Saturday, March 3, 2018

It Must Be A Coincidence! 10 Times The West Wing Predicted The Future

Today’s White House sounds like it’s full of drama, but it’s nothing compared to the one created by Aaron Sorkin in ‘The West Wing’, which ran for seven seasons between 1999 and 2006. Many fans of the show have since wished that Jed Bartlet (Martin Sheen) could really be their President – funny considering the writers seemed to dream up a bunch of storylines that have subsequently come true. Did they know something we didn’t? Here are 10 of the best.

N.B. Unsurprisingly, there are lots of spoilers.

A person of colour becoming President

Following conversations with their political consultants, the writers partly based their upstart Latino Senator-turned-Democrat Presidential nominee Matt Santos (Jimmy Smits) on a then-unknown politician by the name of Barack Obama.

Originally, Santos was going to lose the final season’s election to the Republicans, but the liberal-leaning staff couldn’t quite bring themselves to do it. Two years later, the first non-white commander-in-chief was elected for real.

Nominating a Hispanic Supreme Court Justice

When Jed Bartlet nominated Roberto Mendoza to be the first Hispanic Supreme Court Justice, he faced an uphill battle to get him confirmed by the Senate, especially when he was arrested and publicly criticised certain branches of the legal profession.

Nine years after the Mendoza episode, in May 2009, President Obama nominated Sonia Sotomayor as his Supreme Court justice. Despite some Republicans voting against her (they included John McCain, current Senate Majority leader Mitch McConnell and Trump’s Attorney General Jess Sessions), she was confirmed 68 votes to 31.

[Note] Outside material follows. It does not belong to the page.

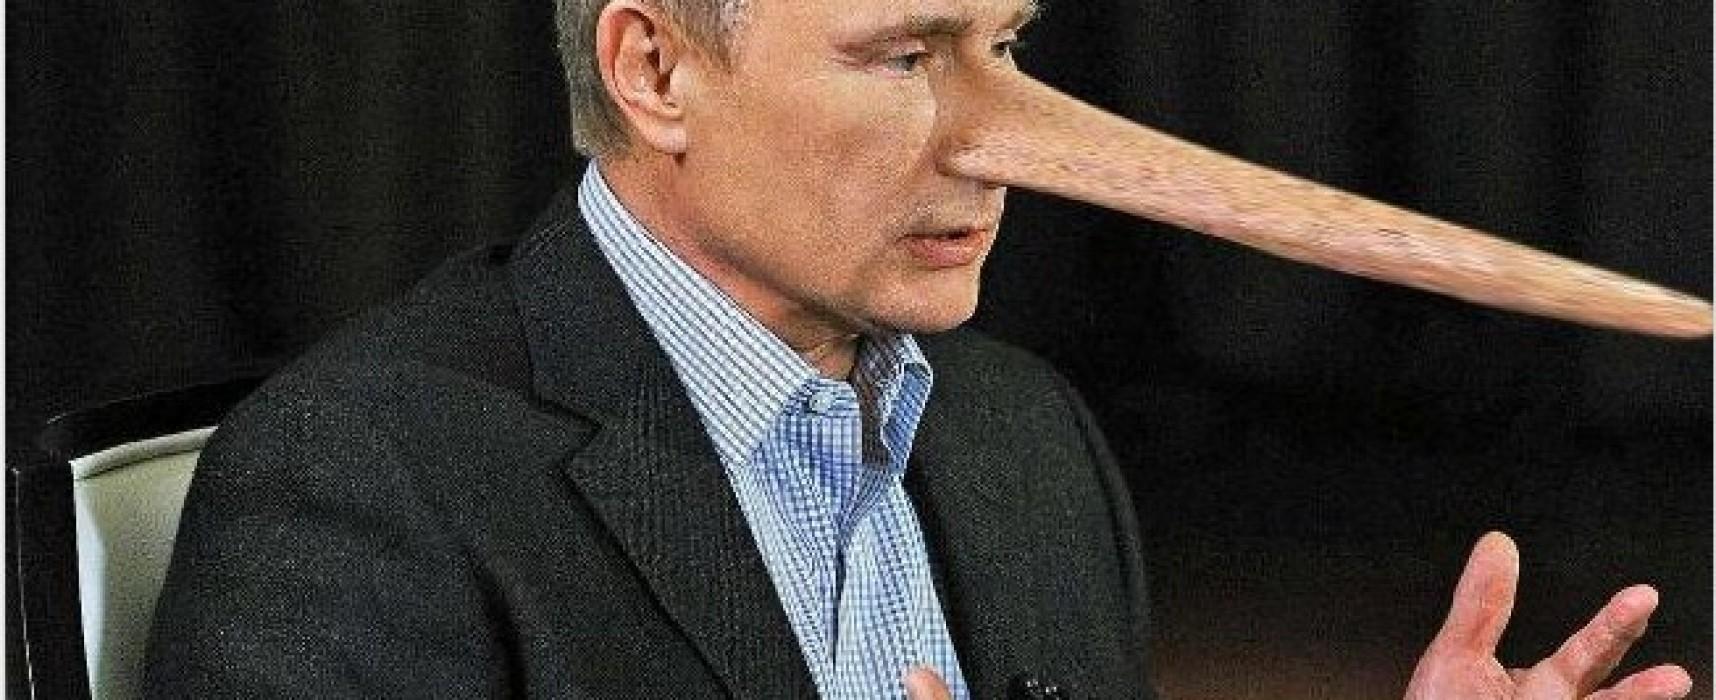 German Newspaper Found Lies in Vladimir Putin's Interview
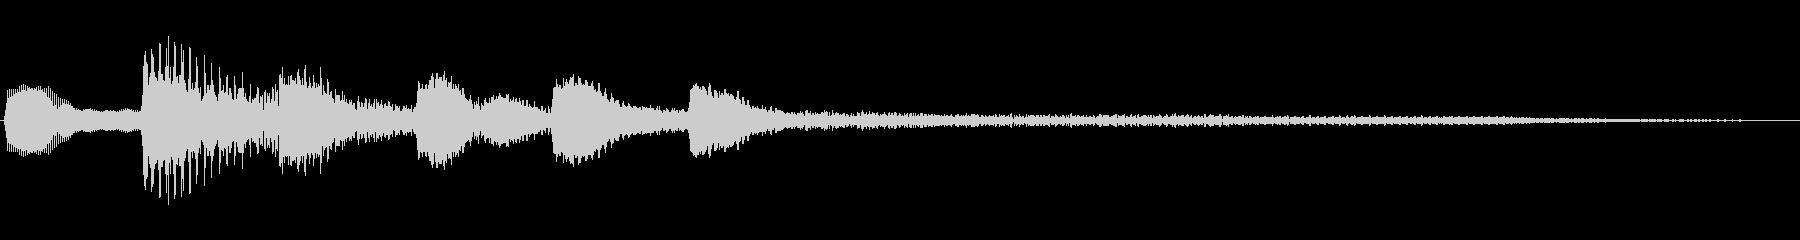 ジングル101fの未再生の波形

The press spokesperson giving terrible briefings

Donald Trump’s former press secretary Sean Spicer became something of laughing stock thanks to his car crash White House media appearances, lashing out at reporters and frustrating Democrats with his obfuscation of the facts.

But Josh Lyman (Bradley Whitford) was just as bad on ‘The West Wing’ when he had to fill in as spokesman, calling one journalist’s question “stupid” and sarcastically talking about the President’s secret plan to fight inflation.

A US journalist is kidnapped and killed by terrorists

In one of the show’s more eerie predictions, a season three episode depicted a reporter being kidnapped by rebels in the Congo and subsequently dying during an ambush.

The reason it was so on the nose was because it aired on 6 February 2002, just a couple of weeks after journalist Daniel Pearl was kidnapped in Pakistan. The show had been written the previous December – on 21 February, a video was released showing Pearl being beheaded by his captors.